INFO <job_cli> Finished job processing
INFO Results:
Dependabot encountered '1' error(s) during execution, please check the logs for more details.
time="2023-02-03T21:03:26Z" level=info msg="122446/124056 calls cached (98%)"

Run 2

INFO <job_cli> Finished job processing
time="2023-02-06T18:17:44Z" level=info msg="124969/126567 calls cached (98%)"

The full logs are huge (I understand why the UI is choking on them), but I managed to get then uploaded here.

[markdorison]

Optimize PoolBuilder to not load replaced targets if not required was committed to Composer within the last 24 hours. I am hoping this may have some effect on this issue. I am excited to test things again once this makes it into a Dependabot release!

[driskell]

For a simple project of Drupal 9.2.* and a single module, I put timings in composer/composer#9619 (comment) based on what the OP was. It shows a good reduction - going from about 7-8s to 3-4s. For 9.5.* with the same module it already is faster at around 5s but again reduces to 3s since even though the newer Drupal versions don't have replace anymore, the older versions are encountered and it still made the 404s before the patch.

So things should improve when the next composer version is released and dependabot released with it.

I did do some timing checks of Dependabot on a large project though and I'll be honest this is only going to be a marginal improvement for a large project.
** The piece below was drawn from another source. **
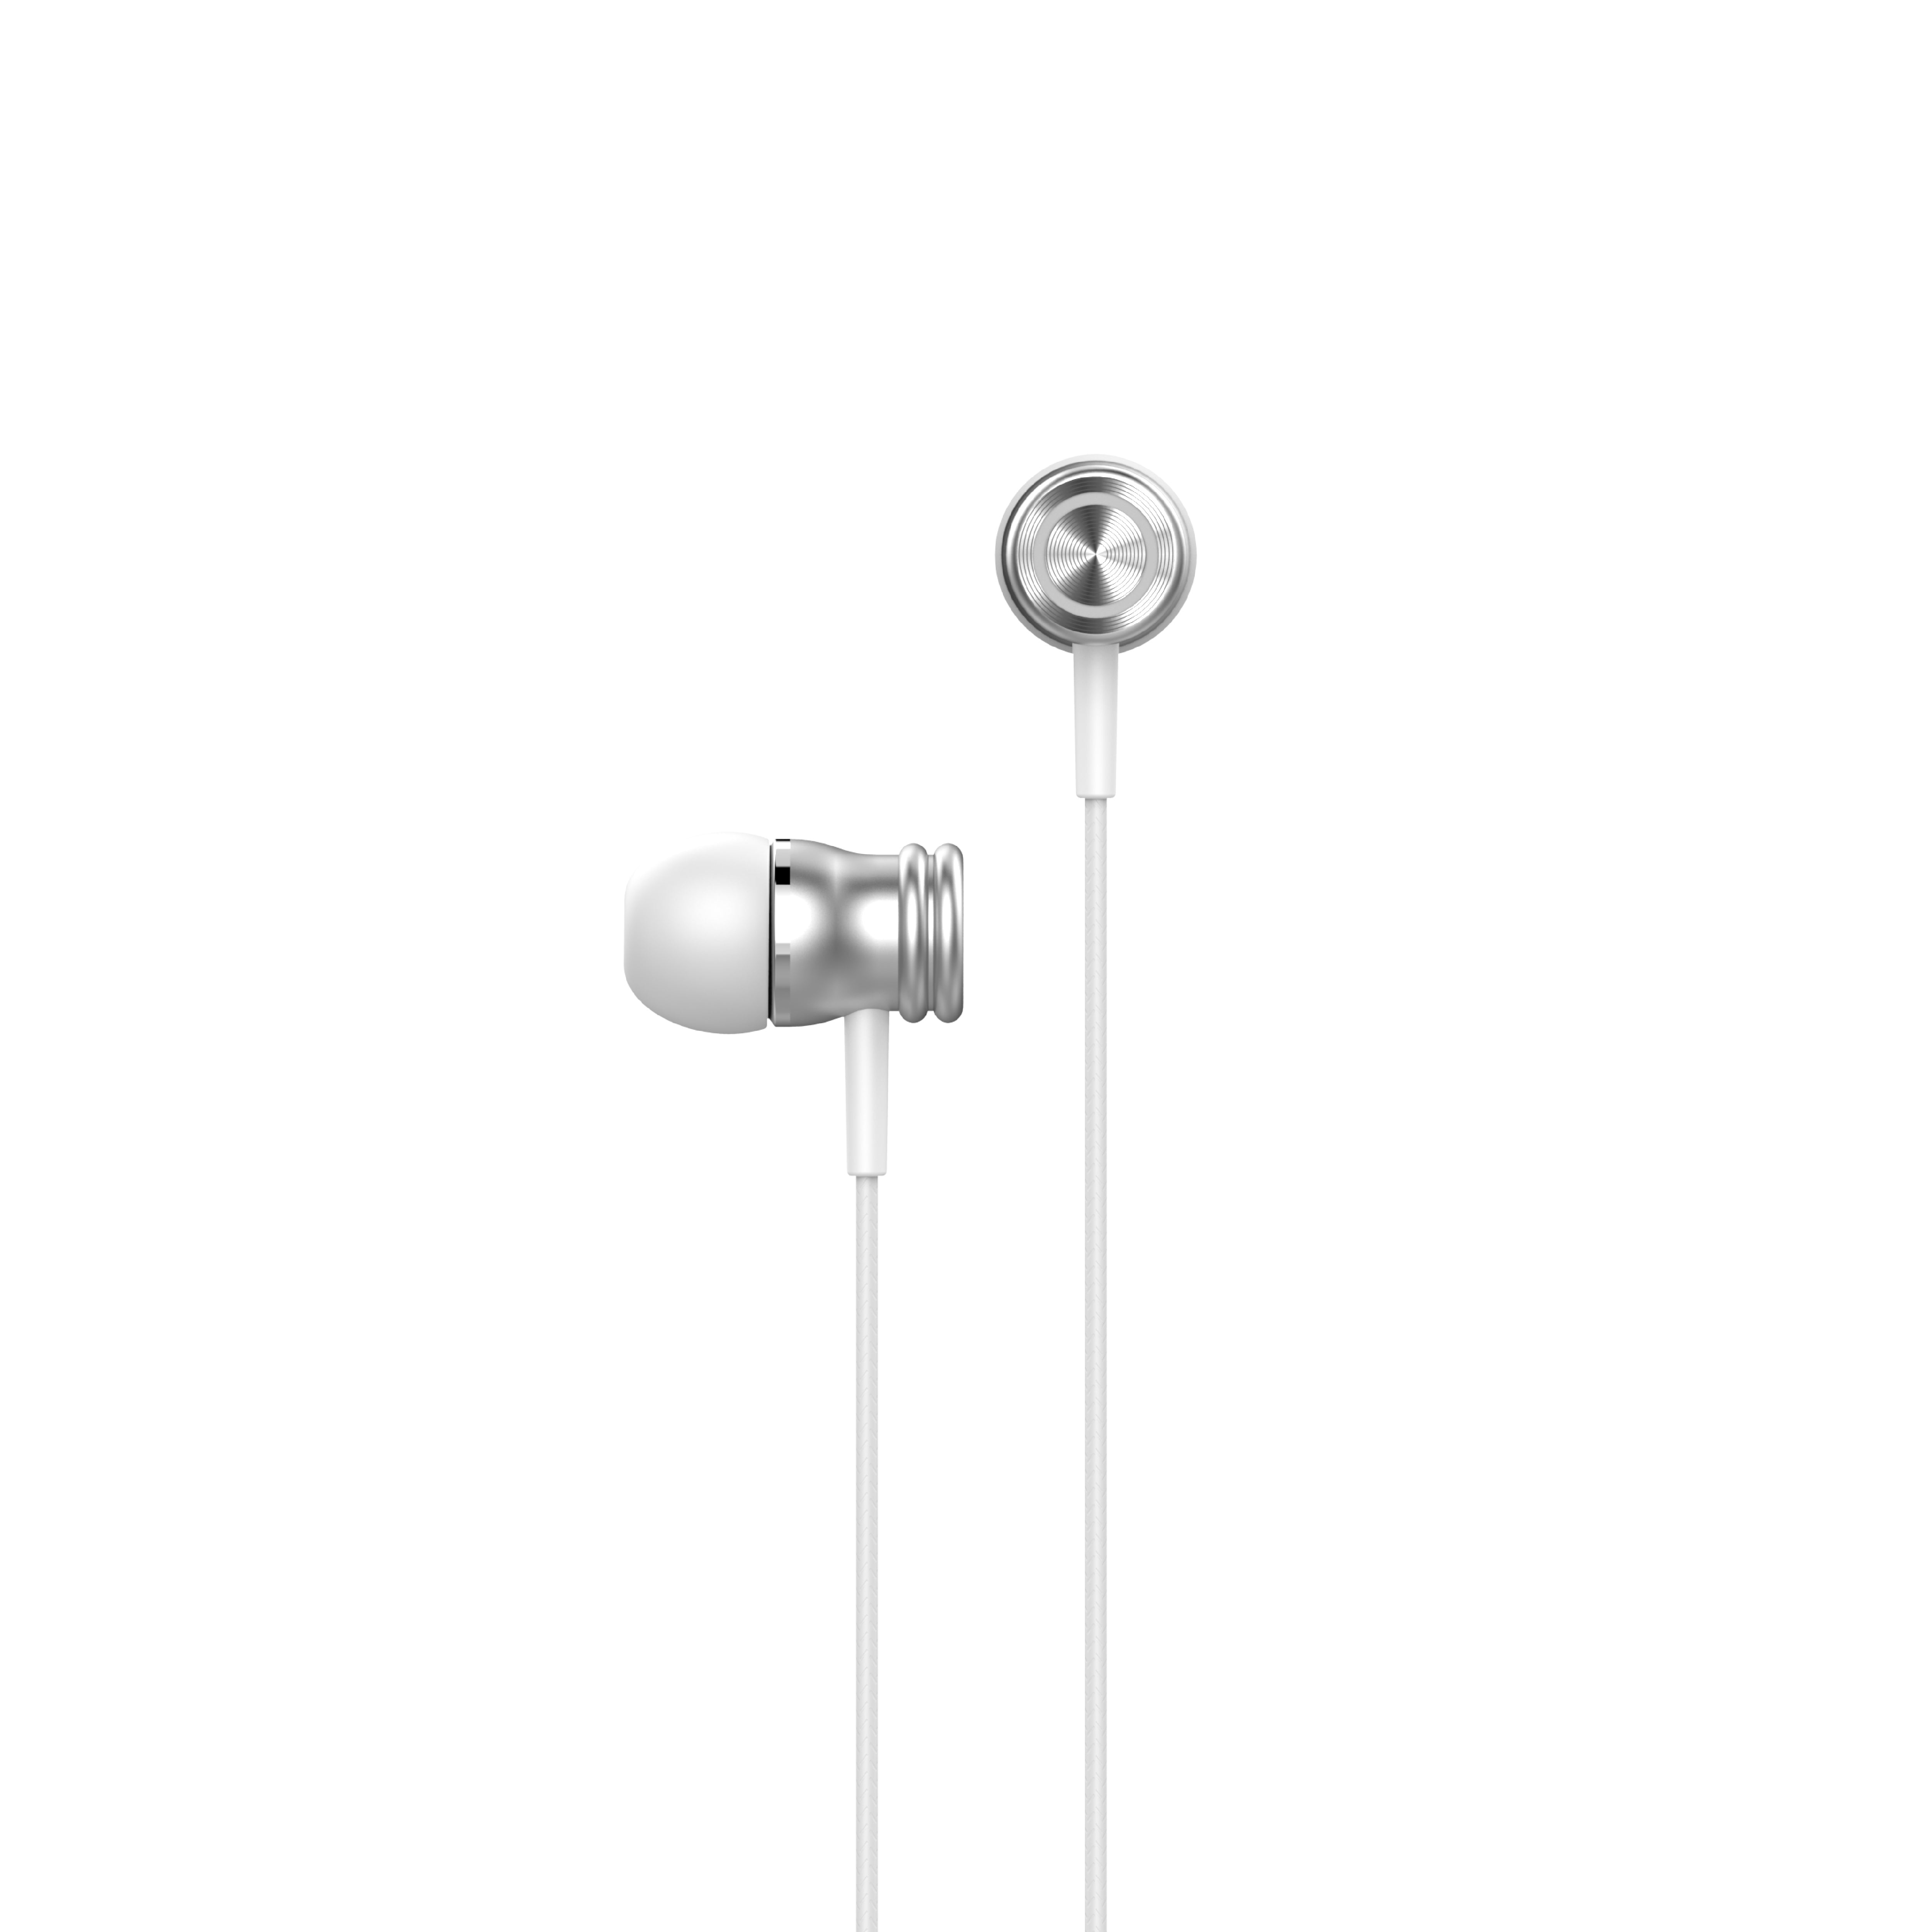 HAVIT E303P In-ear 3.5mm Wired Earbuds

For a smaller project, the differences are more stark. Of course, it all comes down to latency on requests. With high request latency the 404s would be causing a big increase in timings.
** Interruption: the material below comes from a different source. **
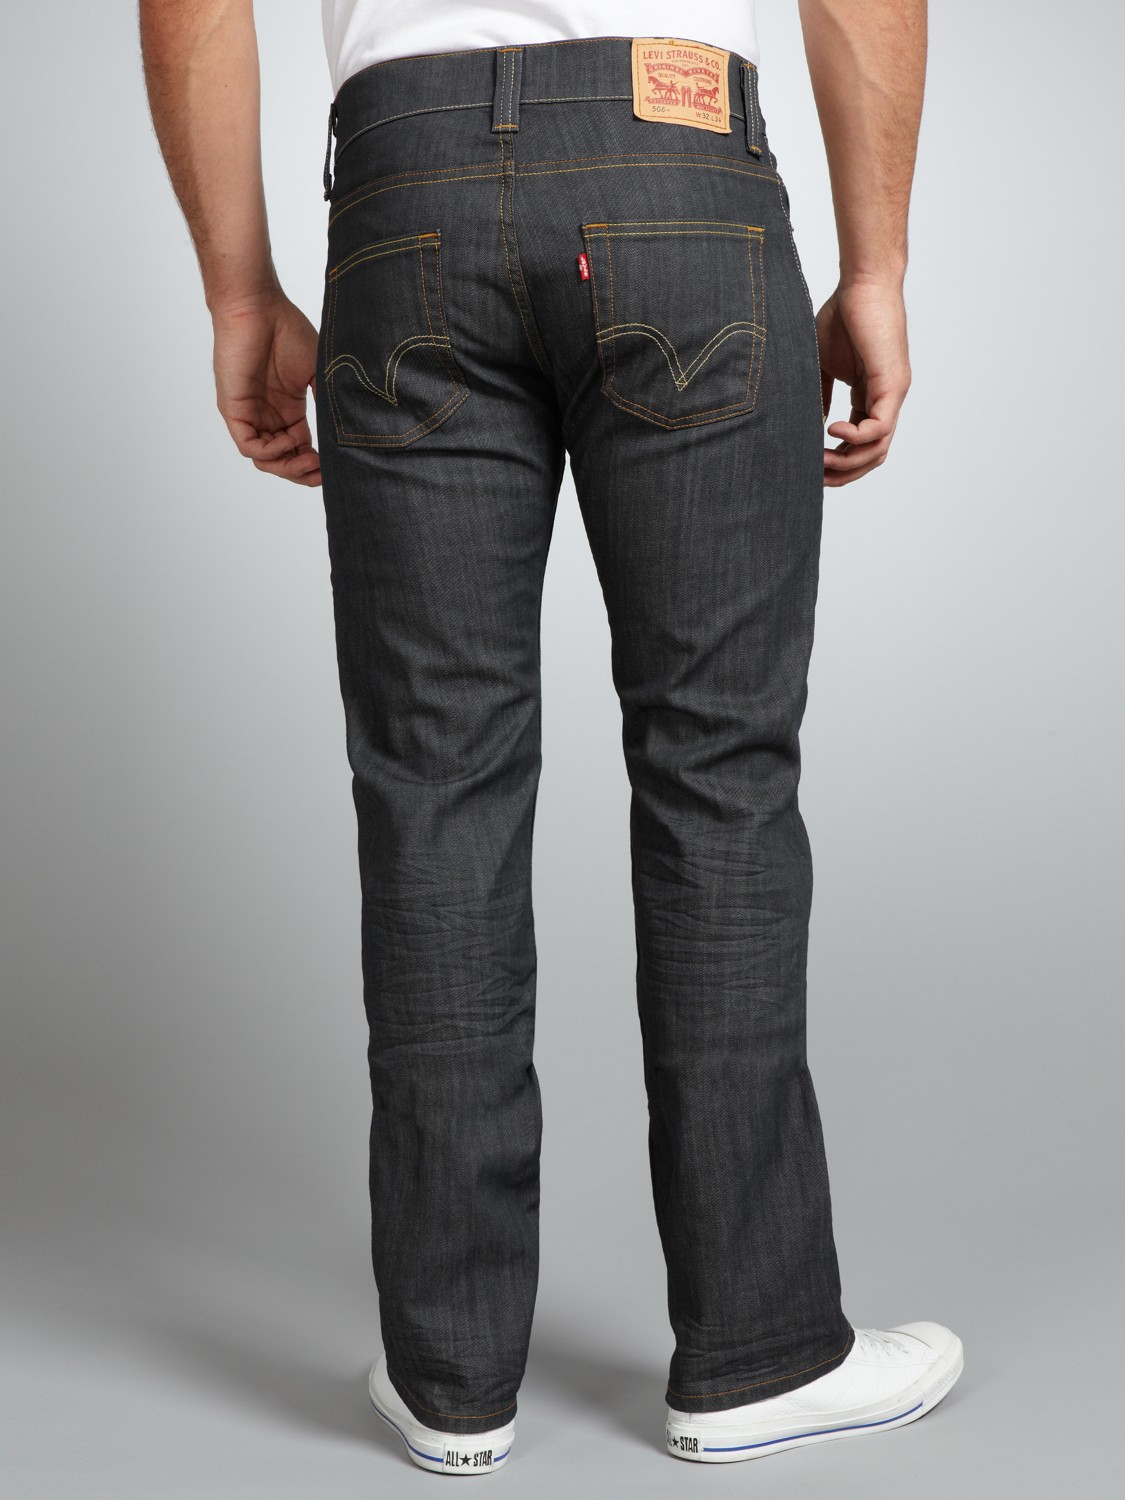 Все модели джинсов levis мужские с описанием

Small project of Drupal 9.2.* with single module, running Dependabot. With composer 2.5.5:

bin/dry-run.rb composer driskell/dependabot-test --dep drupal/media_entity_twitter
real	0m23.939s
real	0m26.277s
real	0m25.132s

And after updating composer:

bin/dry-run.rb composer driskell/dependabot-test --dep drupal/media_entity_twitter
real	0m16.173s
real	0m14.871s
real	0m15.549s

For a very large project of my own with many modules running 9.5.* the improvement is much less. I only requested an check of a single package here (the same package the small project was using - drupal/media_entity_browser). With composer 2.5.5:

real	0m33.771s
real	0m32.313s
real	0m33.040s

And with newer composer:

real	0m30.794s
real	0m31.357s
real	0m31.009s

Caveat here is these are not super perfect tests since I am literally just running things a few times and taking the last few results... But it's something! I do want to dig into the timings at some point though, as I do know there's a fair few composer plugins in my large project that do not participate in the run and so some packages they virtually add to the composer install end up triggering removals and a bigger lock diff - but that's a separate issue...

[kevinquillen]

I landed here after seeing Dependabot quit running for all of my projects in March. I now get the timeout errors others have reported with Dependabot. Before, Dependabot ran without fail since 2020 using the same template in all projects.
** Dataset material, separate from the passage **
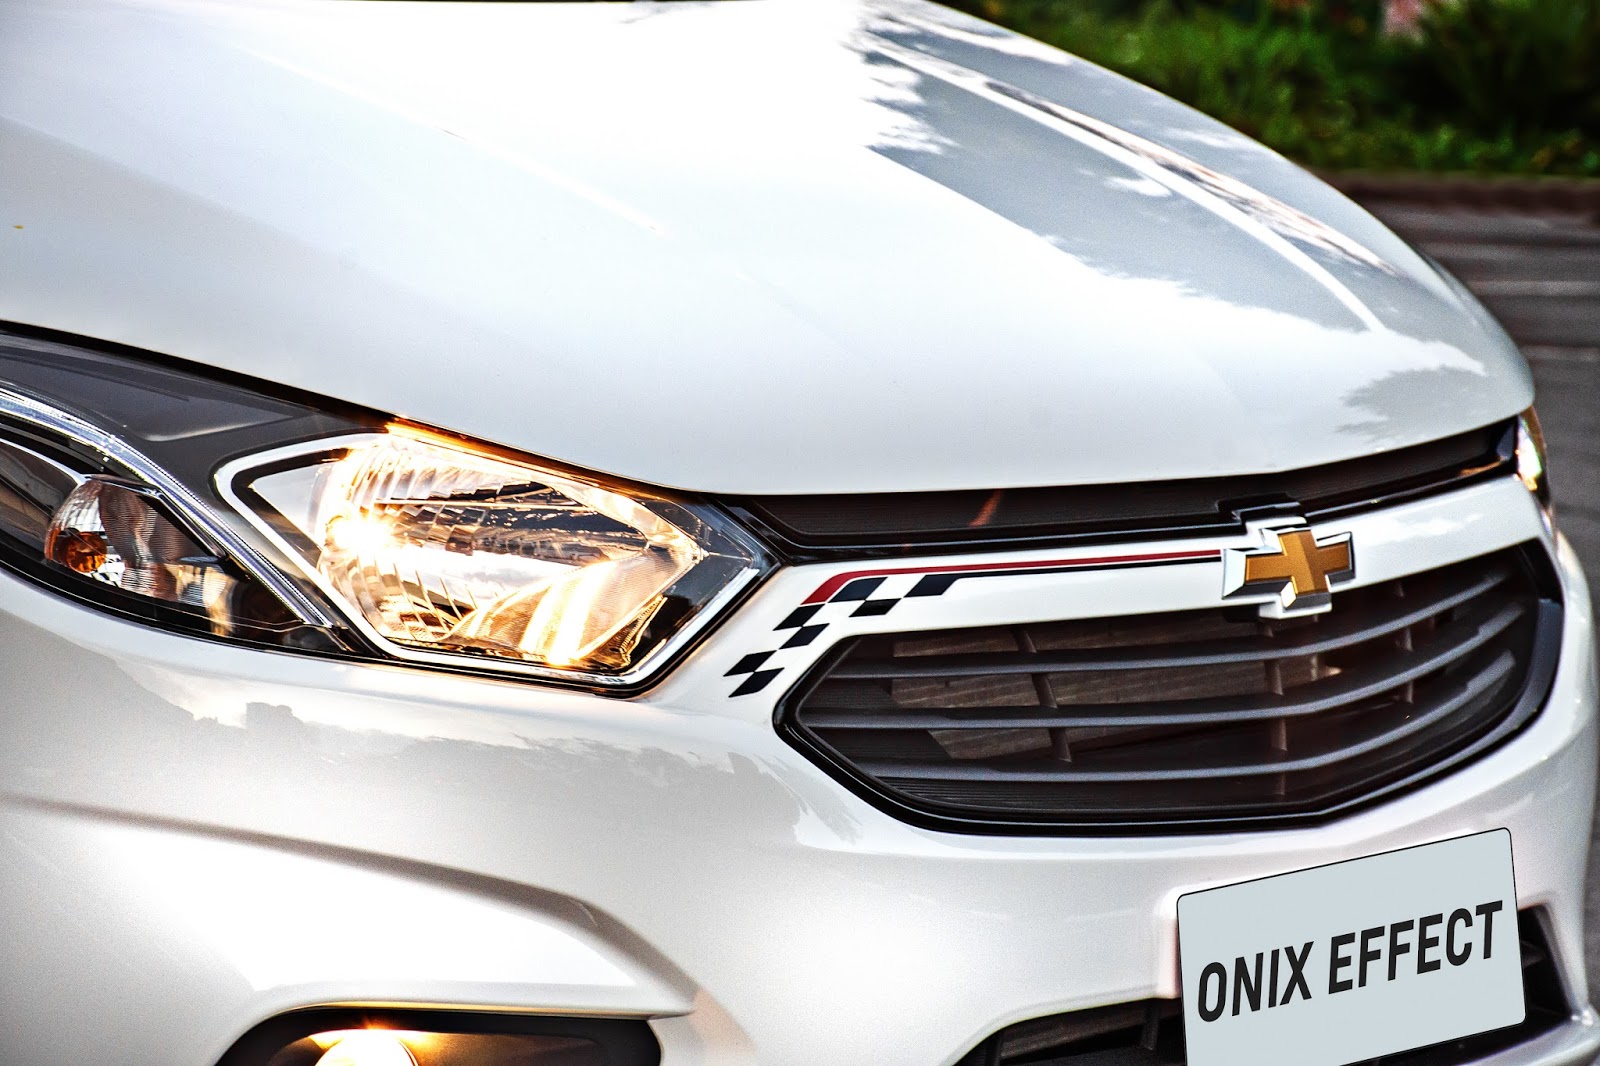 Novo Effect marca estreia da linha 2018 do Chevrolet Onix

Renovate has no issue and can do this in under two minutes - how can I get Dependabot up and running again?

[kevinquillen]

Is there anything that can be done here at all? Dependabot is dead now for any Drupal project and does not complete.

[abdulapopoola]

@kevinquillen ; so sorry about your experience. Would you be willing to try out the new actions program? That might help with the time outs

[PapaGrande]

so sorry about your experience. Would you be willing to try out the new actions program? That might help with the time outs

@abdulapopoola Can you clarify what to try out with links?

I've run into similar problems where Dependabot is too slow and times out with sites using many explicit composer dependencies.

[abdulapopoola]

@PapaGrande ; we have a beta program to switch the compute host Dependabot runs on. It's helped a few folks overcome their timeout issues. See this thread for example

[drubb]

@kevinquillen Had the same problems in a Drupal project. Turned out you need to add a PHP platform requirement to composer.json, otherwise the jobs will run on PHP 7.4 and Composer tries to find compatible packages for this version.
So adding "php": "^8.1" to the requirements fixed it for me.
Updates take still lots of time, but at least don't run into a timeout anymore.